Who doesn’t love to be forgiven, especially for not paying back money? Santa Cruz will loan homeowners up to $40,000 to add an ADU. That loan will be first deferred for 20 years and then forgiven entirely if the terms have been met. The owner must rent the ADU to a low-income household at an affordable price for those 20 years, or can opt out by paying the loan back in full at a 3 percent interest rate.
One component of Habitat for Humanity’s program focuses on low-income residents in general; the other helps low-income seniors. The group will provide plans, materials, labor, and more to qualifying homeowners.
Santa Cruz County
Program: Accessory Dwelling Unit (ADU) Program
This coastal county gets along swimmingly with ADU builders, offering forgivable loans of up to $40,000 and waiving or reducing permitting fees. It also has partnered with Habitat for Humanity and Senior Network Services on the My House My Home initiative, to help elderly residents with deferred loans up to $80,000.
Program: The Block Project
Seattle is regularly named one of the top 10 richest cities in America—and regularly has one of the highest homeless populations. So it’s about time someone is leveraging the benefits of ADUs. The Block Project builds sustainable homes in underutilized backyards to combat homelessness in a dignified, supportive, and environmentally friendly way. It has an impressive network of partnerships with social service agencies, businesses, volunteers, and funders, including the grungy but socially conscious band Pearl Jam.
West Denver, Colorado
Program: West Denver Single Family Plus (WDSF+)

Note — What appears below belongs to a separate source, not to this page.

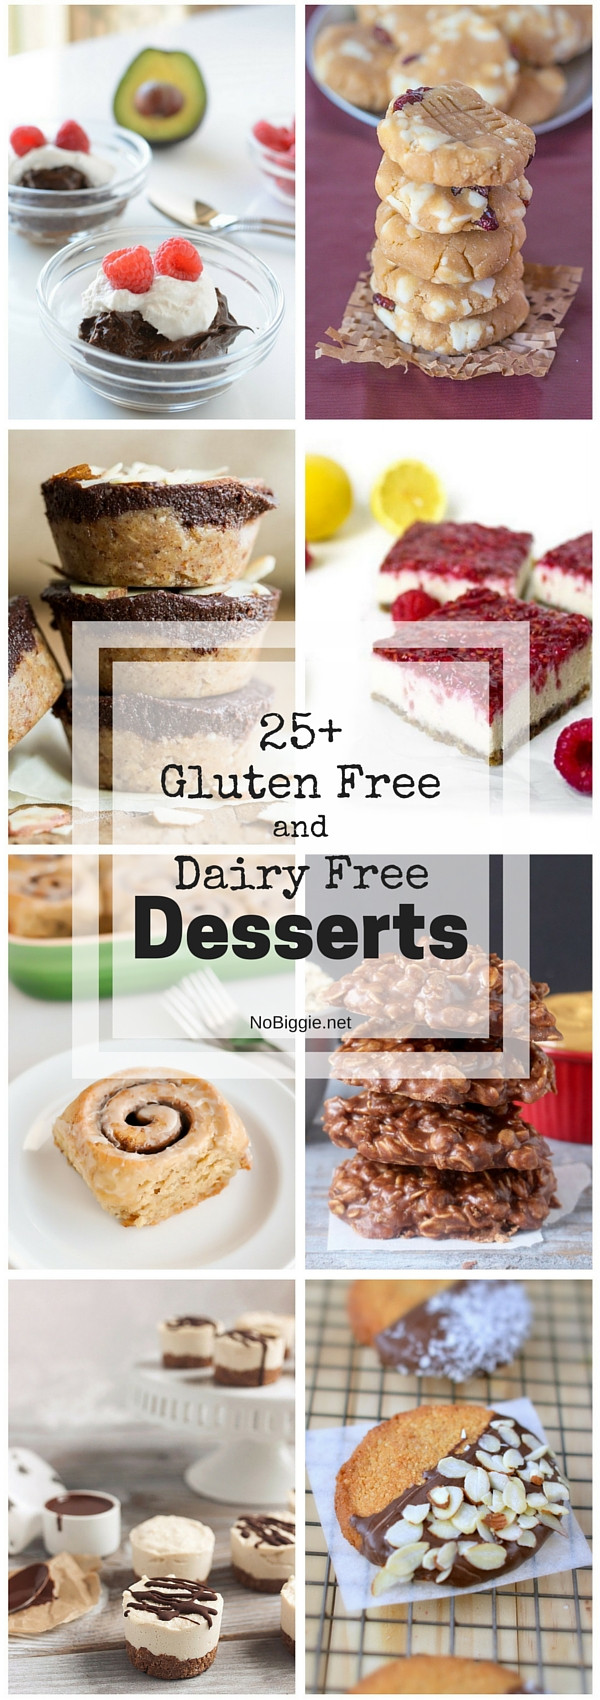 Gluten Dairy Free Desserts
 25 Gluten Free and Dairy Free Desserts

The West Denver Renaissance Coalition (WDRC) doesn’t just offer WDSF+ pilot program to help low- and moderate-income homeowners finance ADUs. It offers work sessions to walk people through financing and site prep, a handy guidebook to building ADUs specifically in West Denver, and a website with info in both English and Spanish. What it doesn’t have: a short and catchy name for its ADU initiative.
And that’s not all, folks
Other cities are promoting ADU building with expedited processing of permitting applications for pre-approved plans, nonfinancial incentives (such as exceeding the maximum square footage), and a slew of resources to guide homeowners through the building process. Reach out to your local government and any advocacy organizations to see if any would benefit you!